Scan the records below for the line with "Free Sales Pricing" and the line with "3D Stone Keyhole", and retype that range exactly, both ends included, pictures excepted.

:: Data for this task ::

⁂

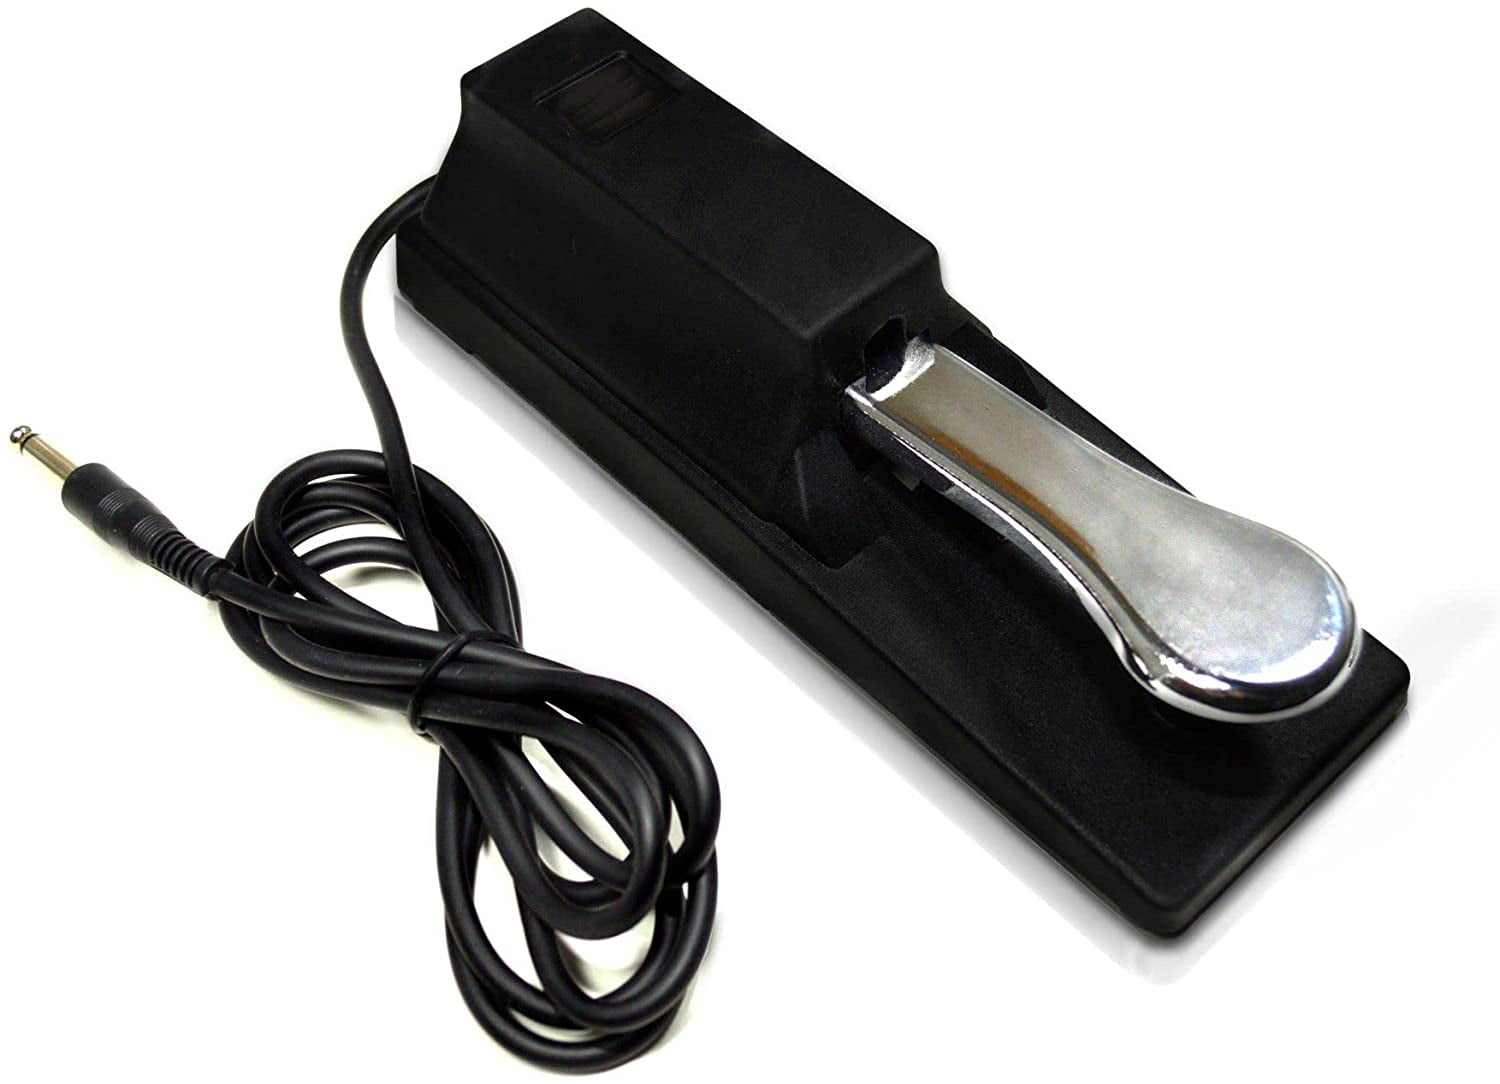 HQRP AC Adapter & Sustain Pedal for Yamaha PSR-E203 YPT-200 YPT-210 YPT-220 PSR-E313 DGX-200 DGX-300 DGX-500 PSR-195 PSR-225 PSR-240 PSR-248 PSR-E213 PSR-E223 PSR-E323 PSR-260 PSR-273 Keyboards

⁂

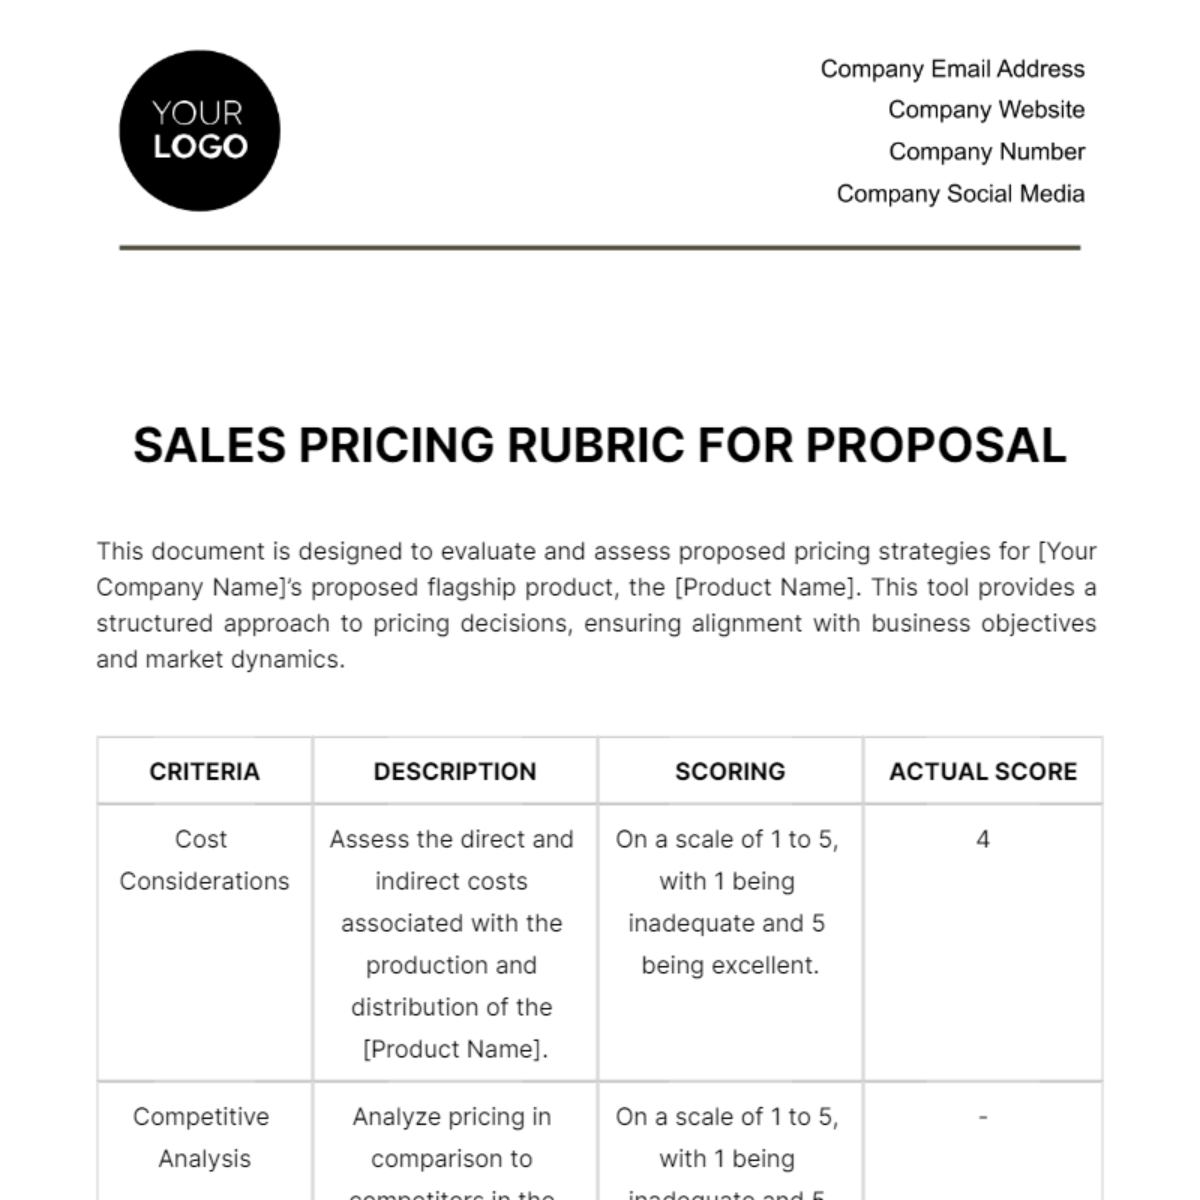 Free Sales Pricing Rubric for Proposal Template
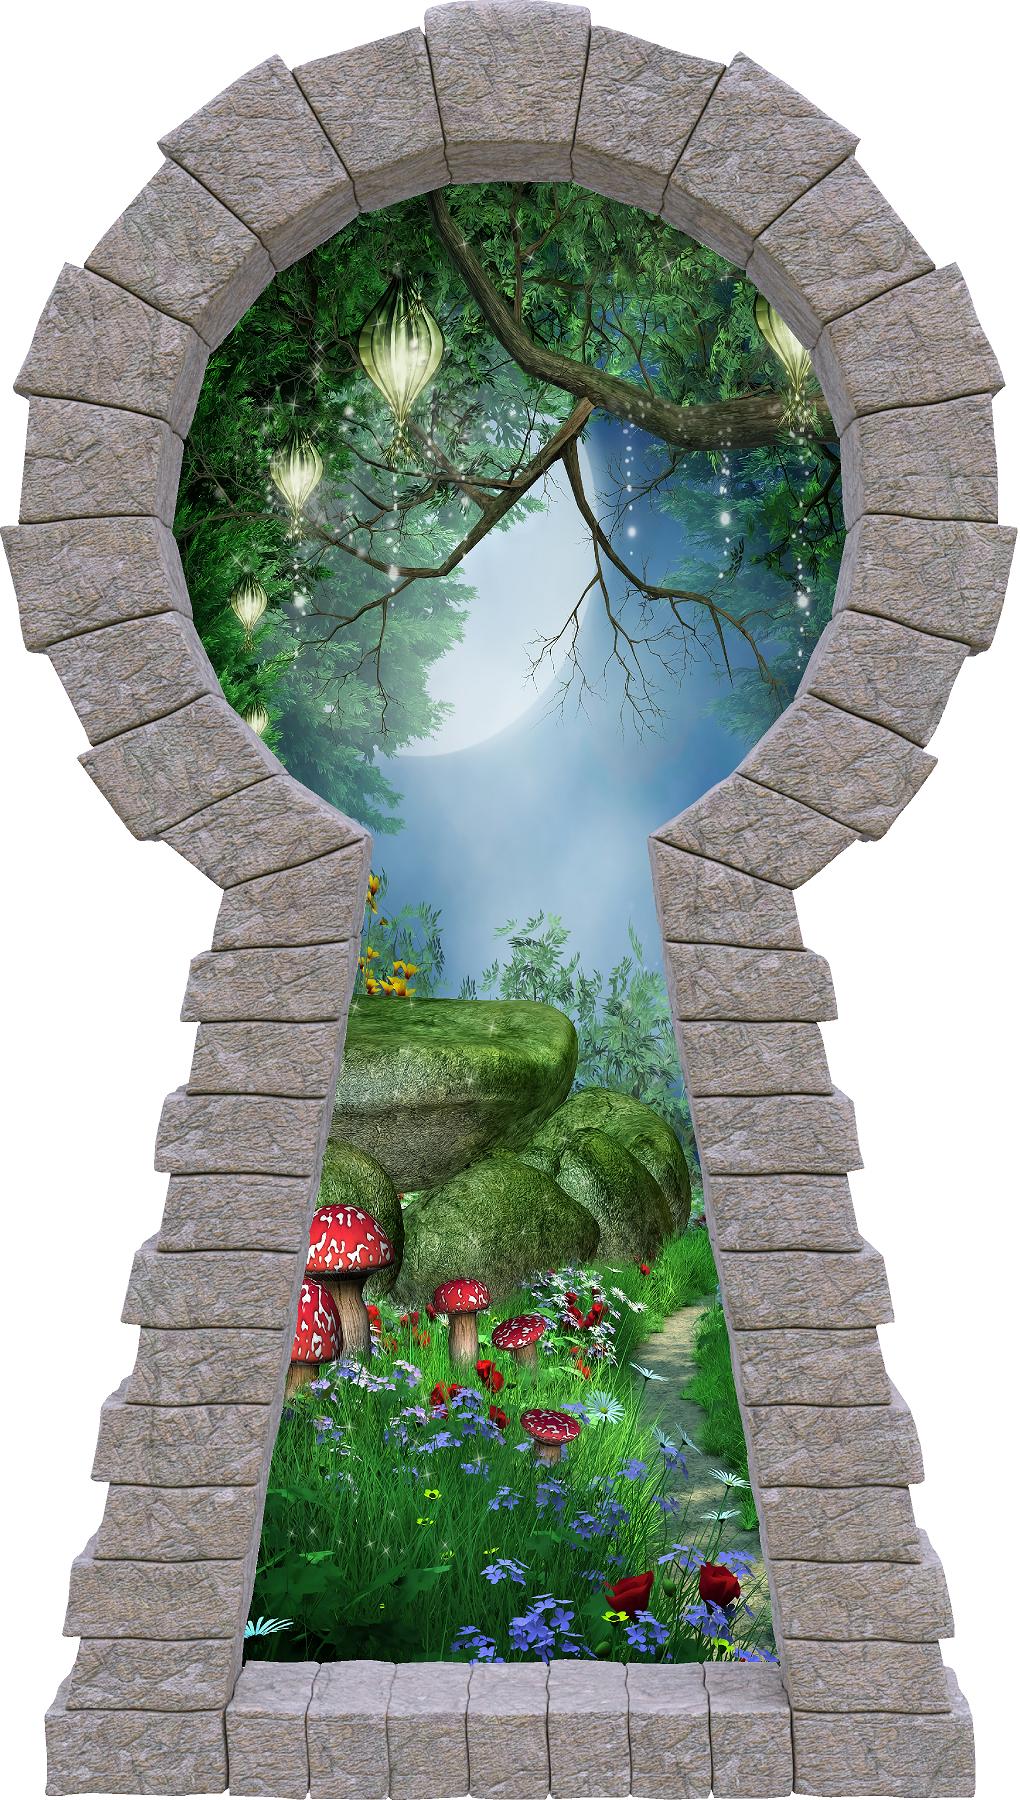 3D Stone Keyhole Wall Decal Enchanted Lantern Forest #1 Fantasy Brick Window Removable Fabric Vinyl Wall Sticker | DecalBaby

⁂

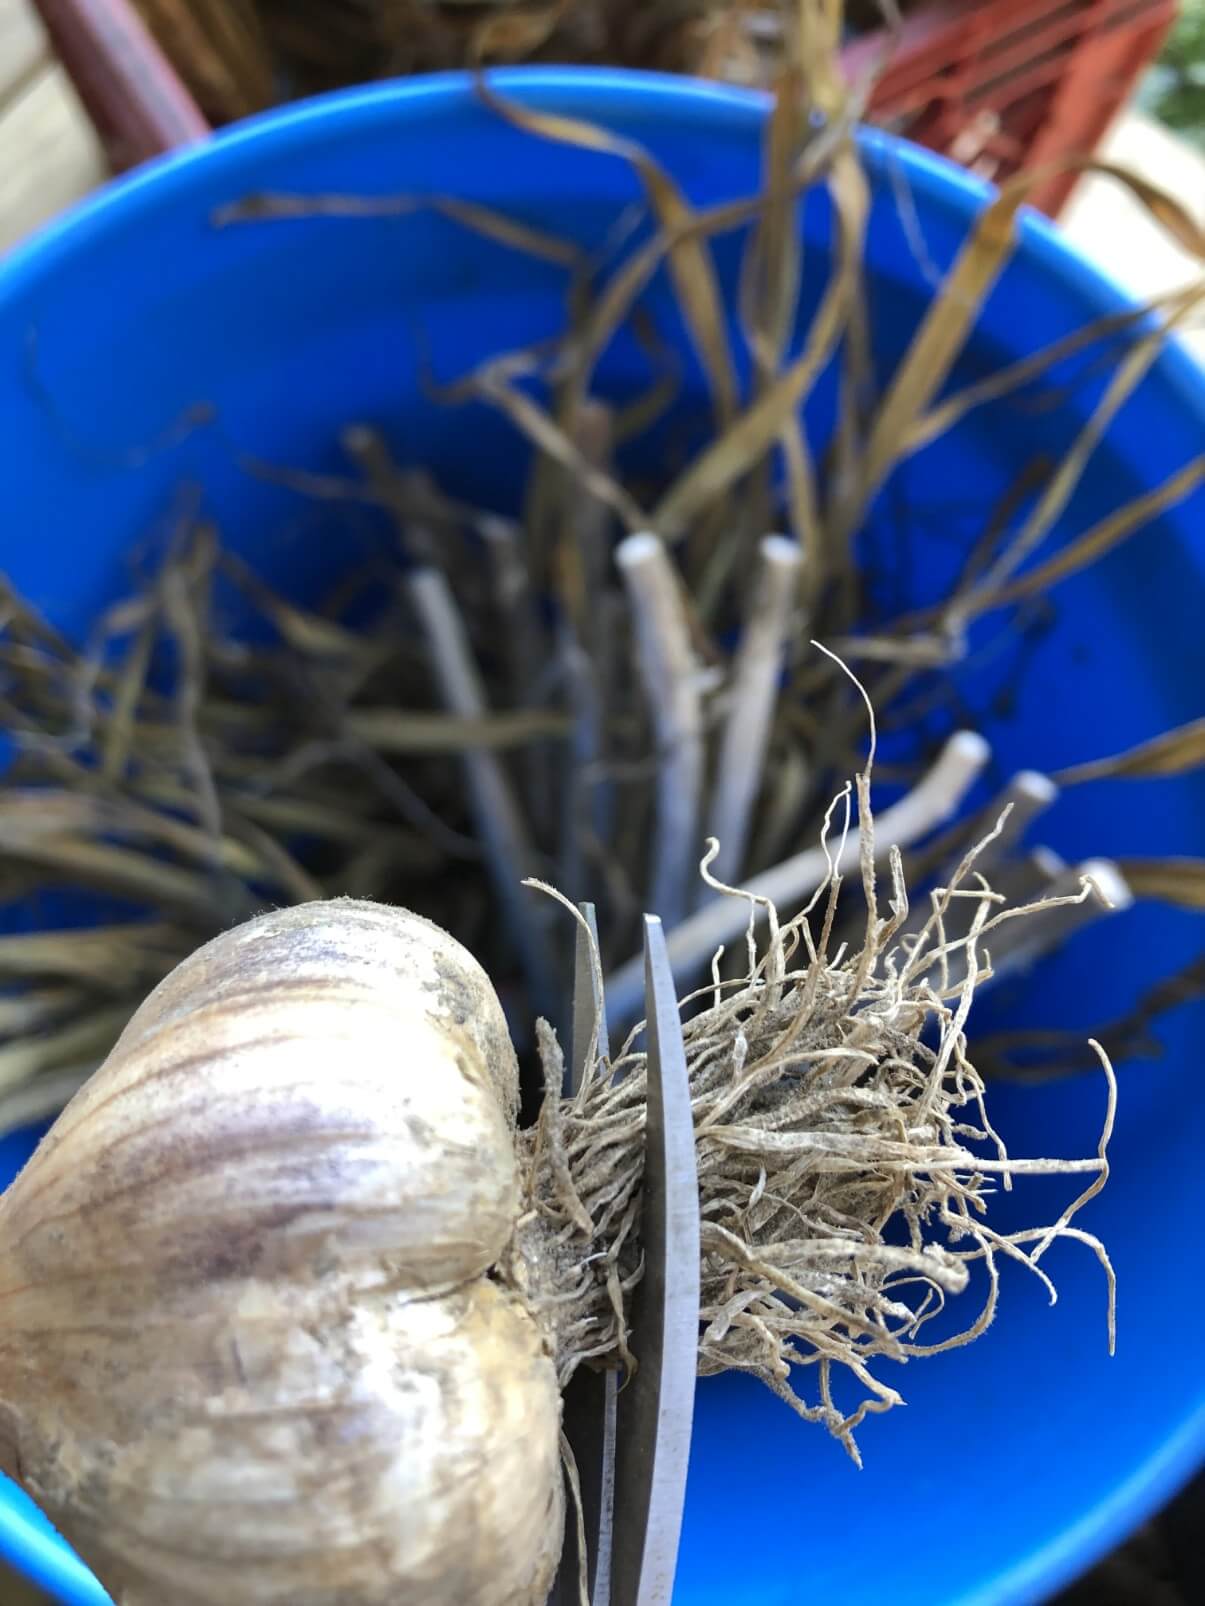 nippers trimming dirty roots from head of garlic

⁂

:: Task answer ::
 Free Sales Pricing Rubric for Proposal Template
 3D Stone Keyhole Wall Decal Enchanted Lantern Forest #1 Fantasy Brick Window Removable Fabric Vinyl Wall Sticker | DecalBaby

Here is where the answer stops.